Abstract
** The latest version of this paper has been published in the Journal of Advances in Modeling Earth Systems (JAMES) from AGU. Please refer to the latest version on JAMES and cite as:
Li, P., & Sharma, A. (2024). Hyper-local temperature prediction using detailed urban climate informatics.
Journal of Advances in Modeling Earth Systems, 16, e2023MS003943.
https://doi.org/10.1029/2023MS003943 Modeling urban microclimate accurately is challenging due to the high
surface heterogeneity of urban land cover and the vertical structure of
street morphology. Recent years have witnessed significant efforts in
numerical modeling and data collection of the urban environment.

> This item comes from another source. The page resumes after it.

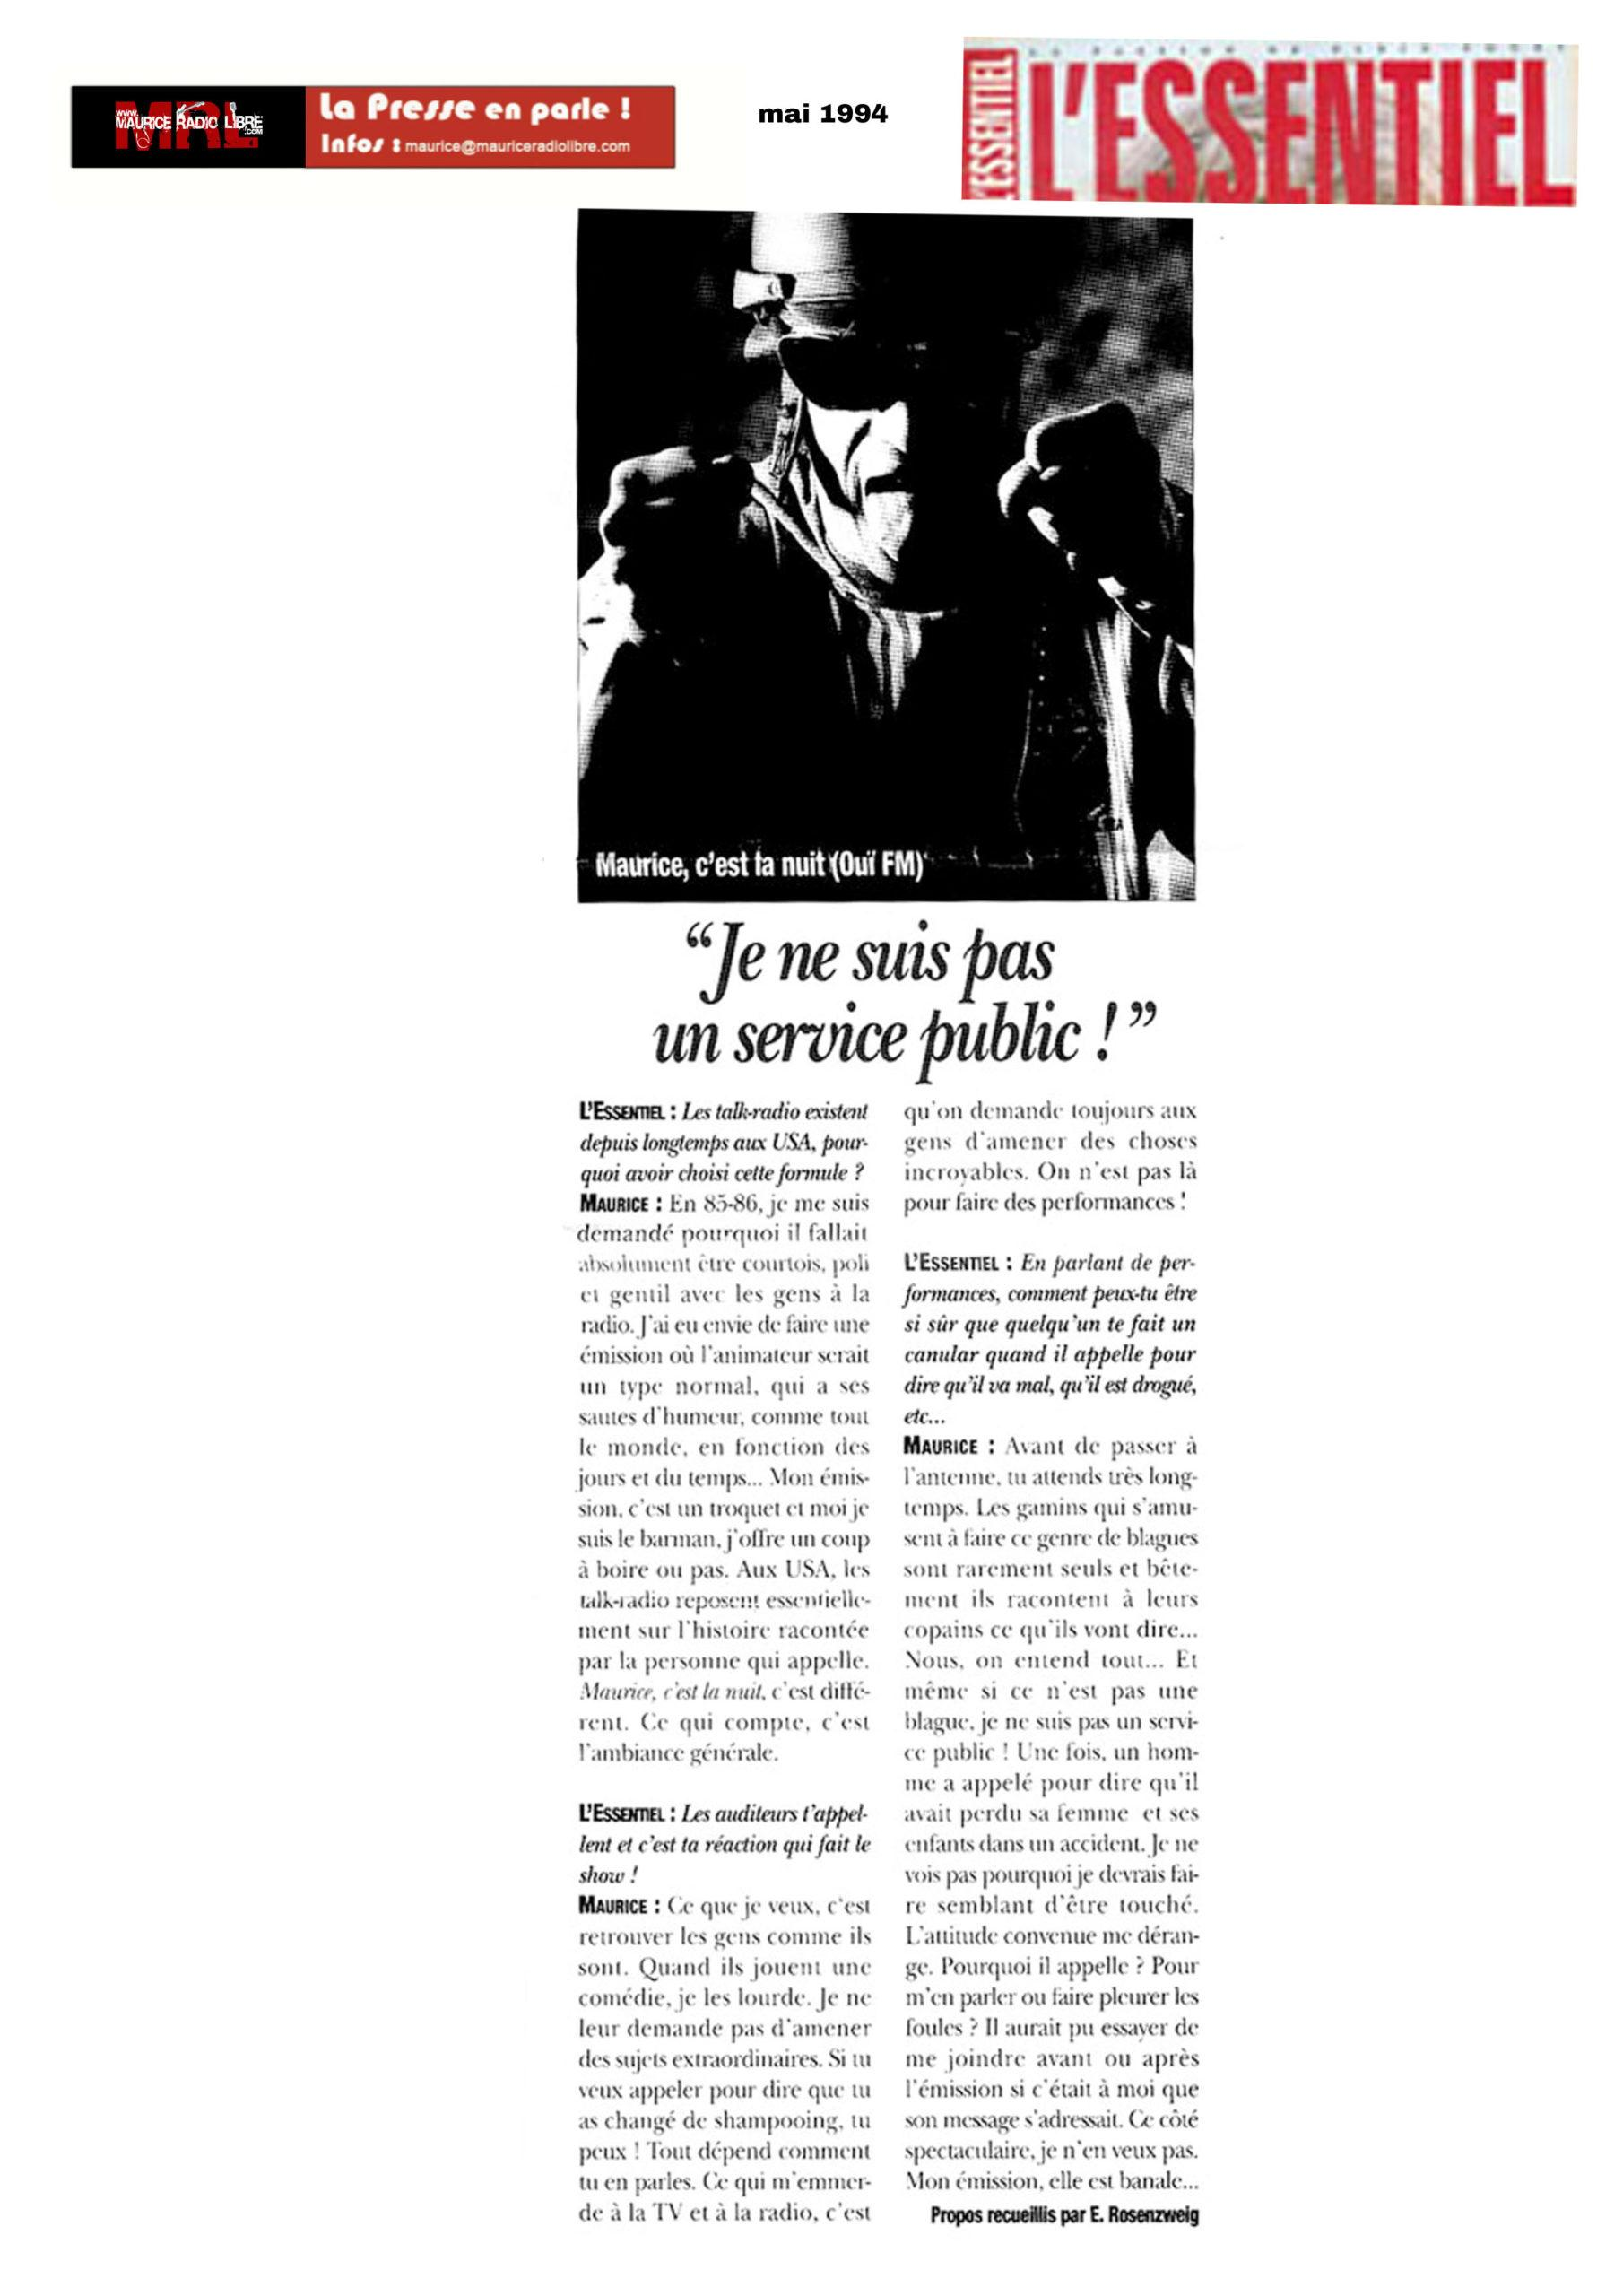 vignette L'ESSENTIEL

Nonetheless, it is difficult for the physical-based models to fully
utilize the high-resolution data under the constraints of computing
resources. The advancement in machine learning techniques offers the
computational strength to handle the massive volume of data. In this
study, we proposed a machine learning approach to estimate point-scale
street-level air temperature from the urban-resolving mesoscale climate
model and a suite of hyper-resolution urban informatics, including
three-dimensional urban morphology, parcel-level land use inventory, and
a dense weather observation network. We implemented this approach in the
City of Chicago as a case study. The proposed approach vastly improves
the resolution of temperature predictions in cities, which will help the
city with walkability, drivability, and heat-related behavioral studies.
Moreover, we tested the model's reliability on out-of-sample locations
to investigate the application potentials to the other areas. This study
also aims to gain insights into next-gen urban climate modeling and
guide city observation efforts to build the strength for the holistic
understanding of urban microclimate dynamics.